I had a friend growing up whose dad wasn’t around and wasn’t all that much interested in her, and I know how it hurt her. She came with my dad and I on a ‘father-daughter’ camp once.

I’ve read various studies which show that girls who grow up without a father present are more likely to go ‘looking for love’ and stand a higher chance of being sexually active by about 12 years old – which explains the high rate of teen pregnancy in my area where most are single parent homes.

In fact, Linda Nielsen, a psychologist and professor of adolescent psychology and women’s studies at Wake Forest University in North Carolina in an interview with Vision said the following:

“Are you worried about teenage pregnancy? Are you worried about whether your daughter will get a good job someday and be able to support herself? Are you worried about your daughter picking boyfriends and husbands who are going to be emotionally or physically abusive to her? Are you worried about boys taking sexual advantage of your daughter? All of these things, research shows, are connected more strongly to her relationship with her father than to her relationship with her mother.”

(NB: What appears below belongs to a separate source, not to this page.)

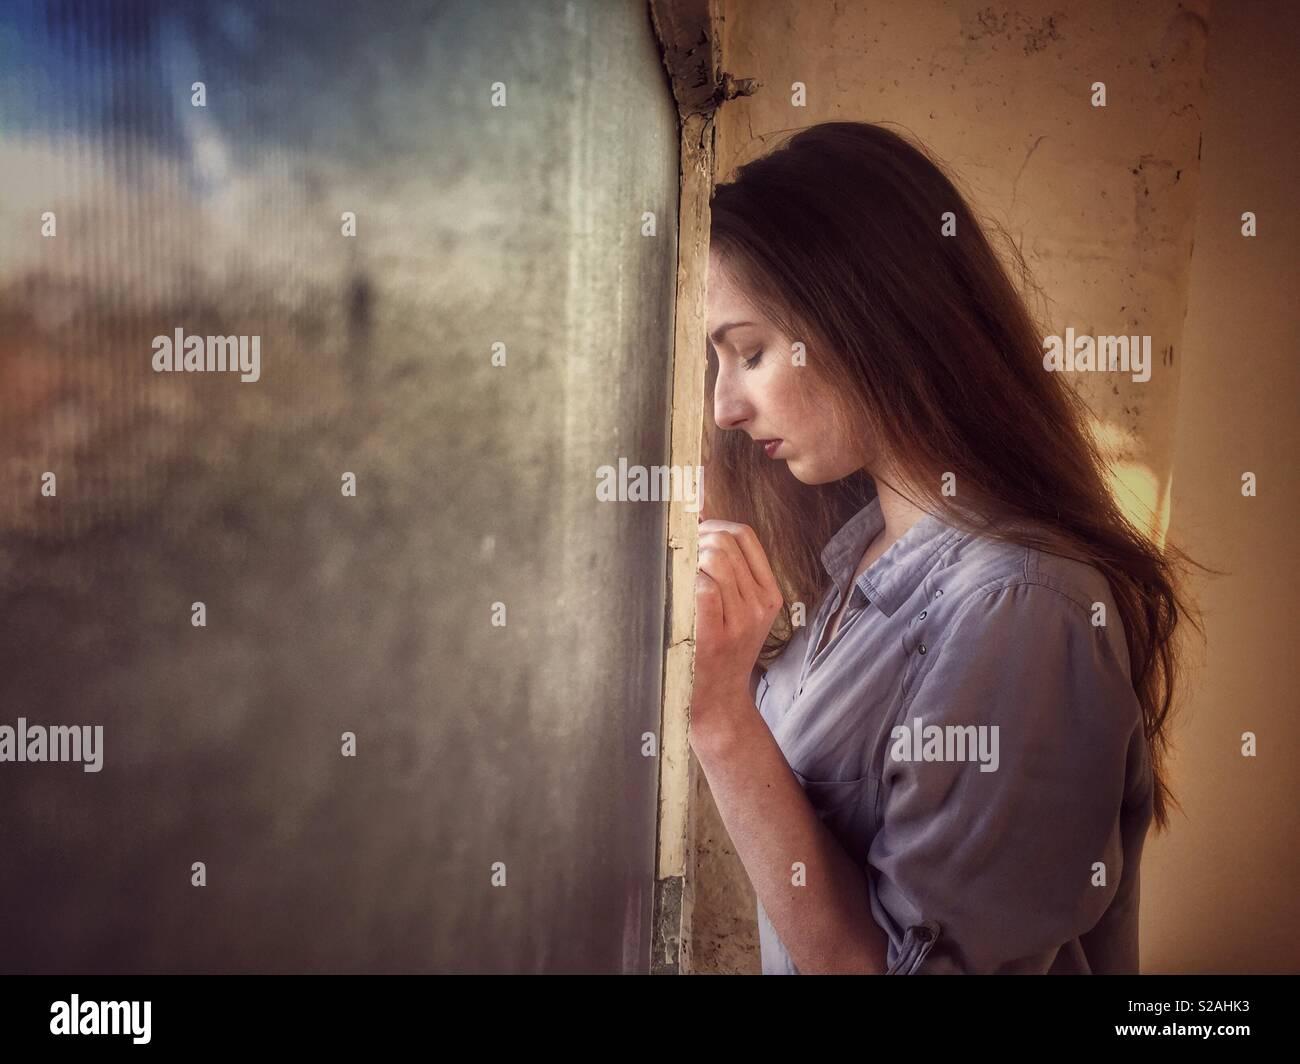 Triste donna appoggiata contro la finestra Immagini Stock

She goes on to say that girls with no father-figure will be more likely to be “desperate for male approval, constantly thinking about the next boyfriend, or what do the boys think about me, or how do I get the boys’ attention”. But once they get one boyfriend, fiance, husband they’re constantly worried about him leaving. And so they become suspicious, overly dependent; they make their boyfriend or husband nuts by clinging to him. Nobody wants someone hanging on them all the time, like a child. There is some fascinating research out there about the advantages fathers give their daughters.

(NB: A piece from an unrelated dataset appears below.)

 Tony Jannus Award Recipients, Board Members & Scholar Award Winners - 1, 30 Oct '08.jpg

But what can we do in the less than ideal real world, where so many girls do grow up without fathers? Well, my friend turned out pretty darn great. In fact, I know two young ladies who have turned out really well despite absent fathers. In both cases, however, they have had fantastic male-figures to look up to. In both cases, their maternal grandfathers have played amazing parts in their lives, as have family friends and uncles.

But what about distant fathers? You know, the type of father who is there but has no real relationship with his (especially teenage) daughter. Is he doing her any good? Doubtful. Joe Kelly, the author of Dads and Daughters says:

“A girl whose father listens to and respects her will expect her life partner to listen to her and treat her well. That’s why it’s so important for us to show and tell our daughters that we believe they are capable of anything.

I think this is so true, from my own experience. Through my own stupidity I ended up in a less than perfect relationship, where I was led to believe that without him, no one would want me, or love me. He honestly had me believing that I was ‘damaged goods’ at 19 and that I had no option but to be with him. For a while. Then I realised that that is not true:  how could it be true, if my dad loved me? So I left him, and when everyone turned their backs on me for leaving ‘such a great guy’, my dad only needed to hear the very tip of the iceberg of what I had been going through and he opened his arms, his heart and my old home up to me again. And I’ve never looked back.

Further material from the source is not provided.